5. A passive intermodulation cancellation system applicable to a 5G ORAN dual-band radio frequency device according to claim 1, characterized in that: The PIMC module: is responsible for updating the PIM cancellation function of the FPGA, performing adaptive filtering on the predicted PIM interference signal to generate an optimized interference compensation signal, and superimposing the compensation signal on the reception signal to suppress PIM interference; Based on the signal data after interference suppression, the PIM signal prediction model is dynamically updated using an online learning mechanism; combining the model update parameters of the online learning with the long-term environmental feedback data, the hyperparameters of the PIM signal prediction model are optimized using a reinforcement learning method, and the feature extraction strategy is adjusted based on the feedback.

6. The passive intermodulation cancellation system for 5GORAN dual-band radio frequency equipment according to claim 1, characterized in that: The PIMC module includes a PIMC algorithm.
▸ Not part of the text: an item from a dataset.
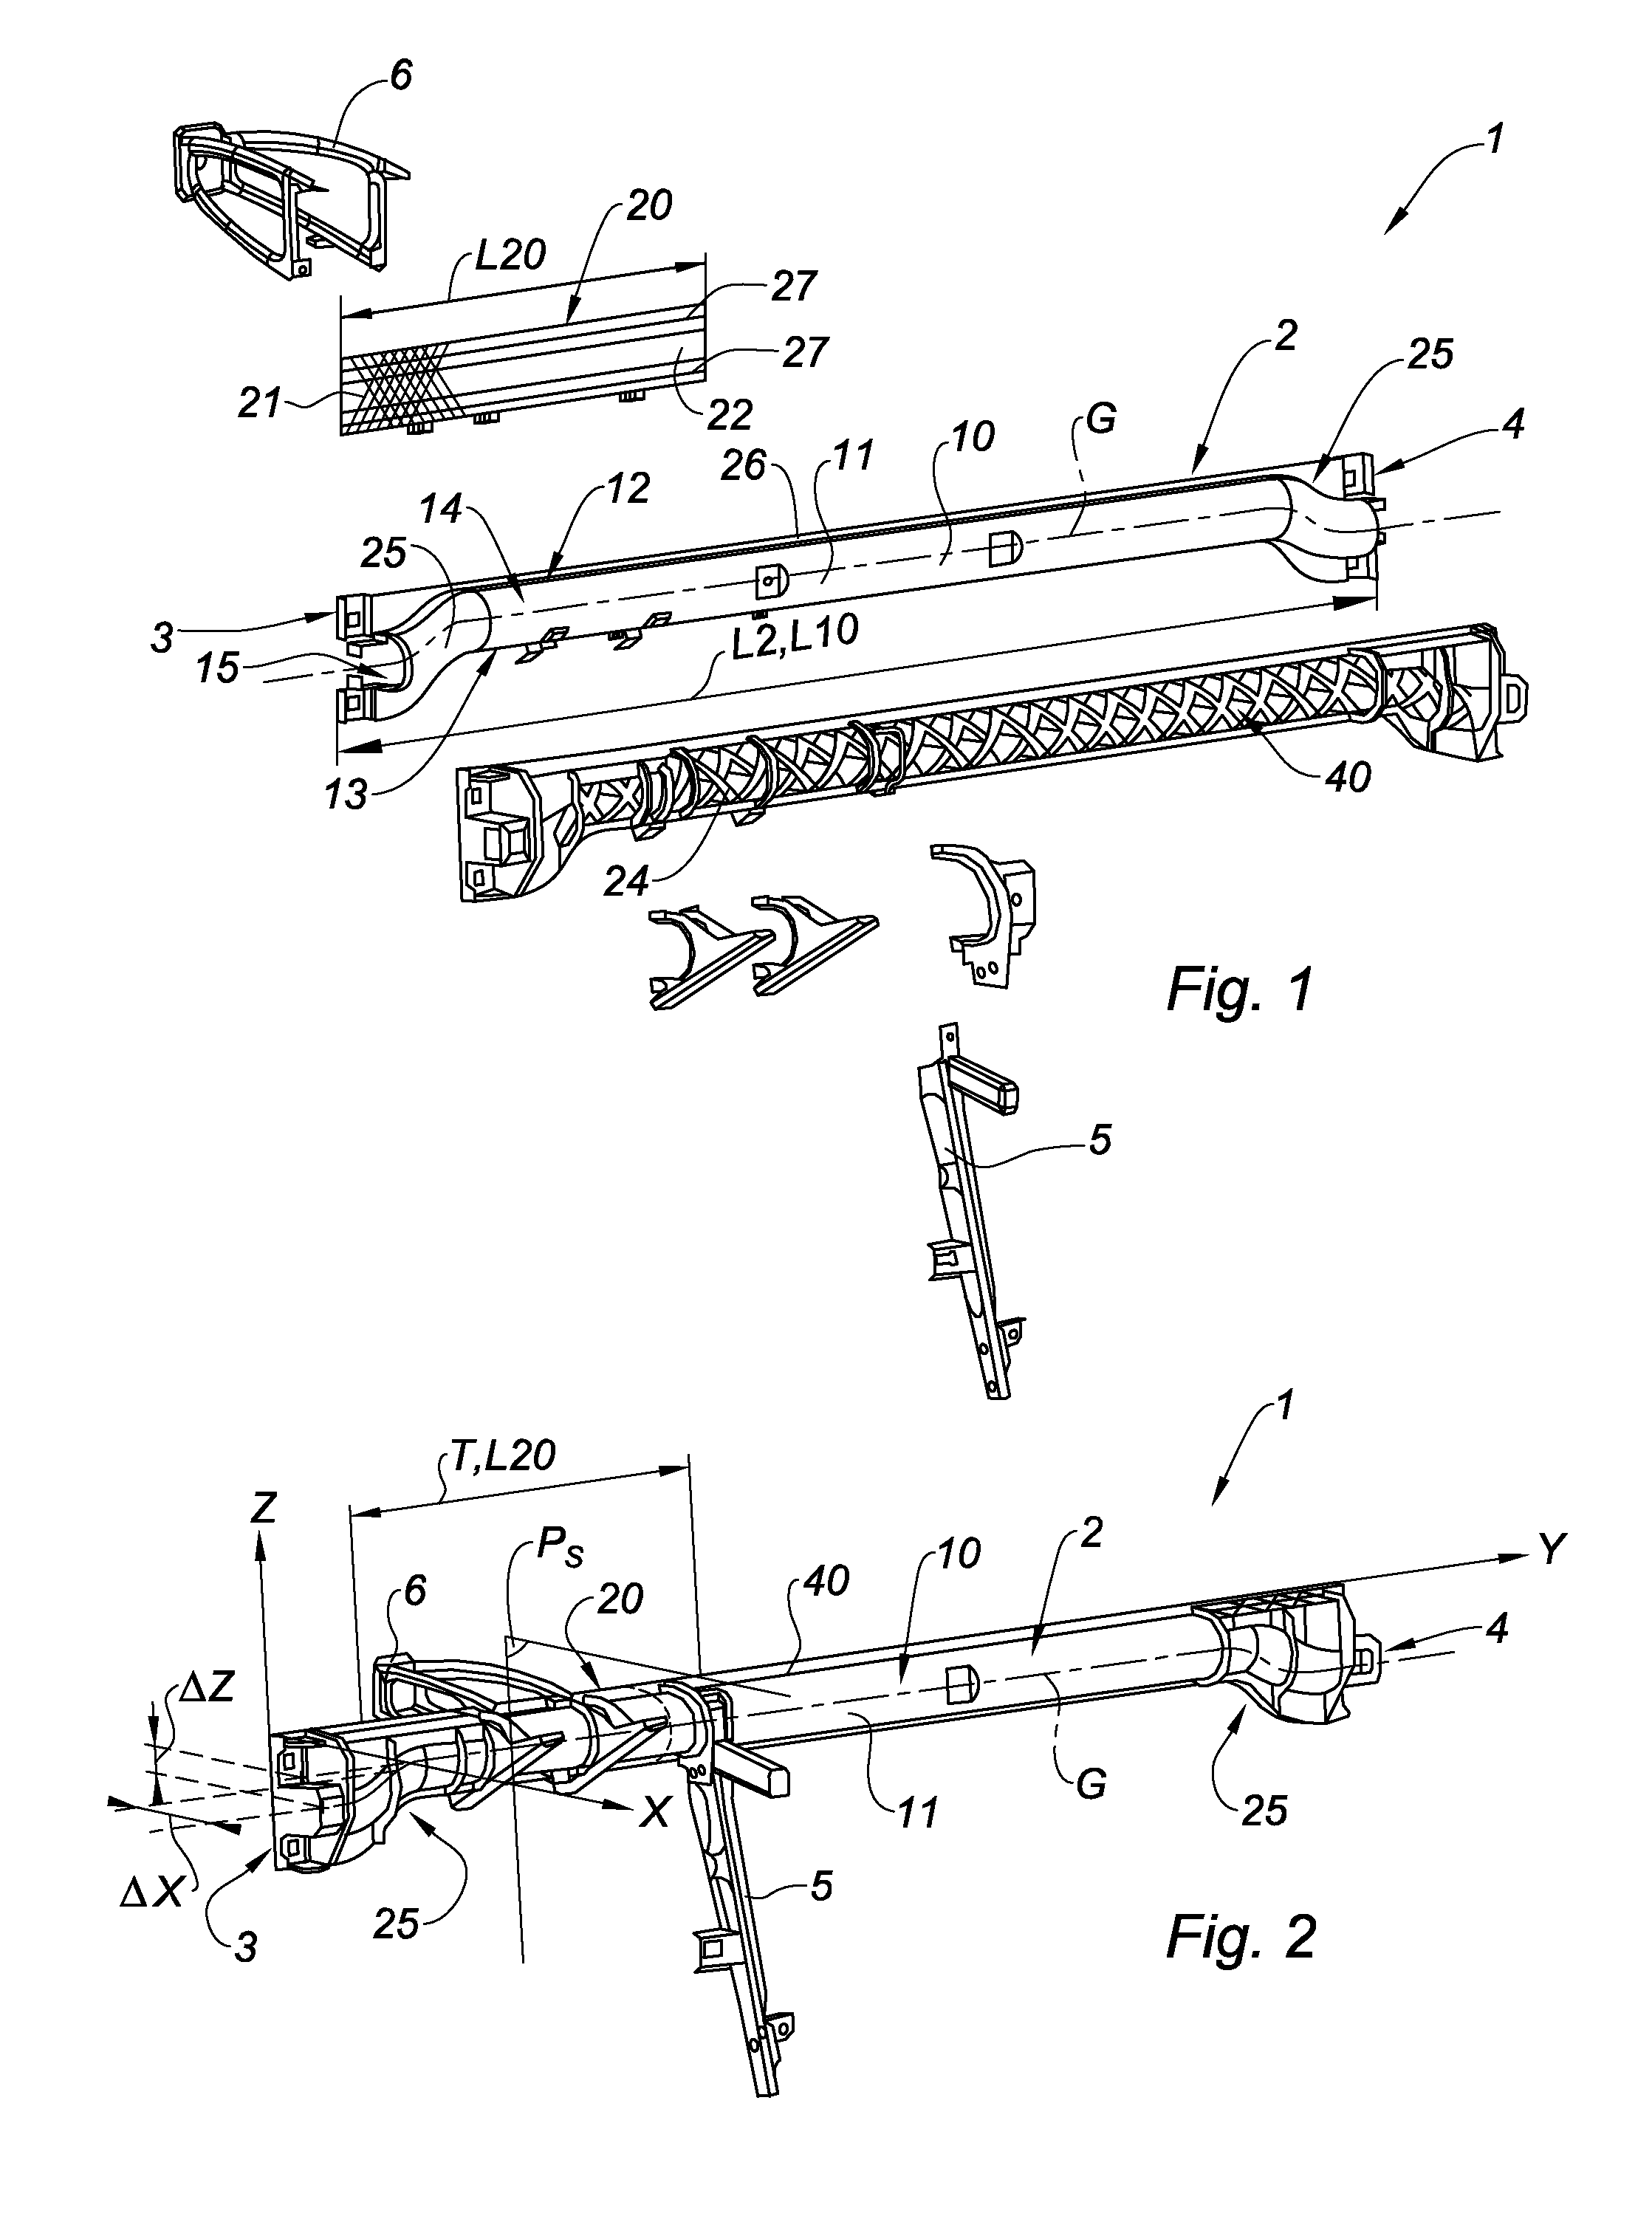 Crossmember for a Vehicle Dashboard Provided with a Reinforcing Back Brace Made of a Fibrous Composite

The PIMC algorithm: an RRU multi-band passive intermodulation cancellation method based on a sequence-to-sequence learning model, and the method includes: Acquiring the multi-band RRU transmission signal and reception signal, and using adaptive transformation to extract the features of the signal to obtain the multi-band intermodulation interference feature data; Generating a non-linear intermodulation feature vector based on the multi-band intermodulation interference feature data; Training the PIM signal prediction model using a sequence-to-sequence learning model and performing residual compensation on the prediction result based on an error optimization mechanism; Perform adaptive filtering on the predicted PIM interference signal to generate an optimized interference compensation signal; Based on the signal data after interference suppression, dynamically update the PIM signal prediction model using an online learning mechanism; Combining the model update parameters of the online learning with the long-term environmental feedback data, optimize the hyperparameters using a reinforcement learning method and adjust the feature extraction strategy.

7. A passive intermodulation cancellation system for a 5G ORAN dual-band radio frequency device according to claim 1, characterized in that: The startup steps of the PIMC module are as follows: S1: Find all interference non-linear terms in IM3 and IM5; S2: Find the interference non-linear terms from the input DL data capture; S3: Calculate the carrier frequency of each non-linear term and perform DDC / DUC to shift the center frequency to UL fc; S4: Filter each non-inertial term and the PIM data; S5: PIMI equalization and identification of N samples; S6: PIM Cancellation. Select different sampling points and cancellation lengths; S7: Obtain the PIMC result.